Coping and Mental Health in Early Adolescence during COVID-19 (preprint)

The current longitudinal study examines changes in overall mental health symptomatology from before to after the COVID-19 outbreak in youth from the southeastern United States as well as the potential mitigating effects of self-efficacy, optimism, and coping. A sample of 105 parent-child dyads participated in the study (49% boys; 81% European American, 1% Alaska Native/American Indian, 9% Asian/Asian American; 4% Black/African American; 4% Latinx; and 4% other; 87% mothers; 25% high school graduate without college education; 30% degree from 4-year college; 45% graduate or professional school).
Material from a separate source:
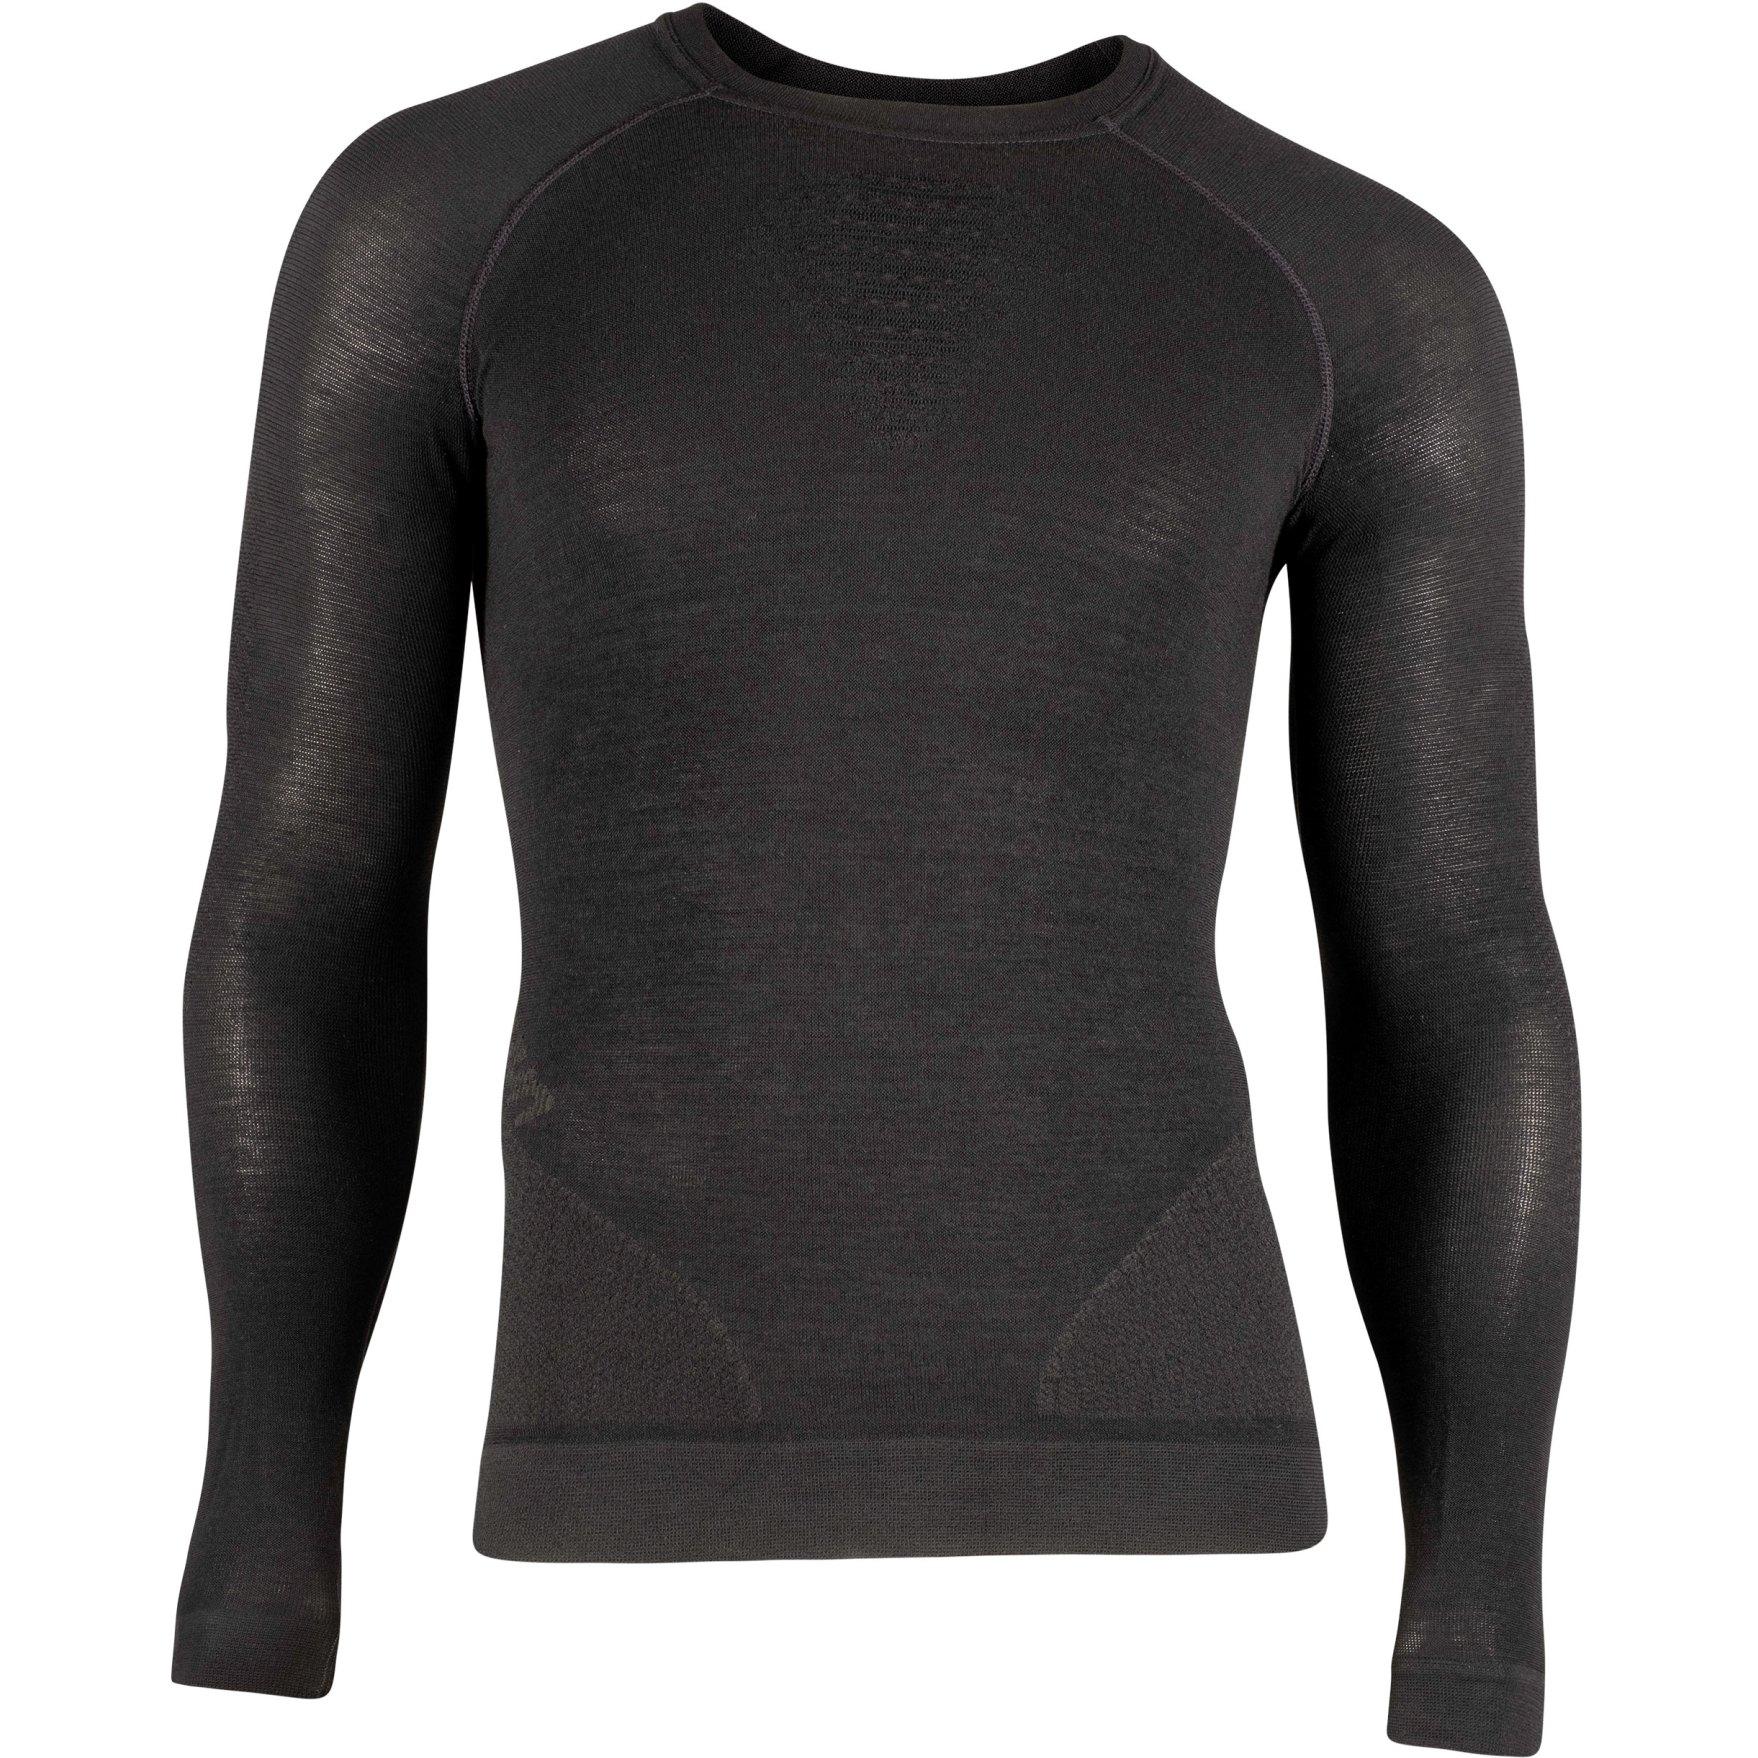 UYN Fusyon Herren Cashmere UW Langärmeliges Shirt - Black/Black

Parents completed surveys when children were aged 6-9, 8-12, 9-13, and 12-16, with the last assessments occurring between May 13, 2020 and July 1, 2020 during the COVID-19 outbreak. Children also completed online surveys at ages 11-16 assessing self-efficacy, optimism, and coping. Multi-level modeling analyses showed a within-person increase in mental health symptoms from before to after the outbreak after controlling for changes associated with maturation. Symptom increases were mitigated in youth with greater self-efficacy and (to some extent) problem-focused engaged coping, and exacerbated in youth with greater emotion-focused engaged and disengaged coping. Implications of this work include the importance of reinforcing self-efficacy in youth during times of crisis, such as the pandemic, and the potential downsides of emotion-focused coping as an early response to the crisis for youth.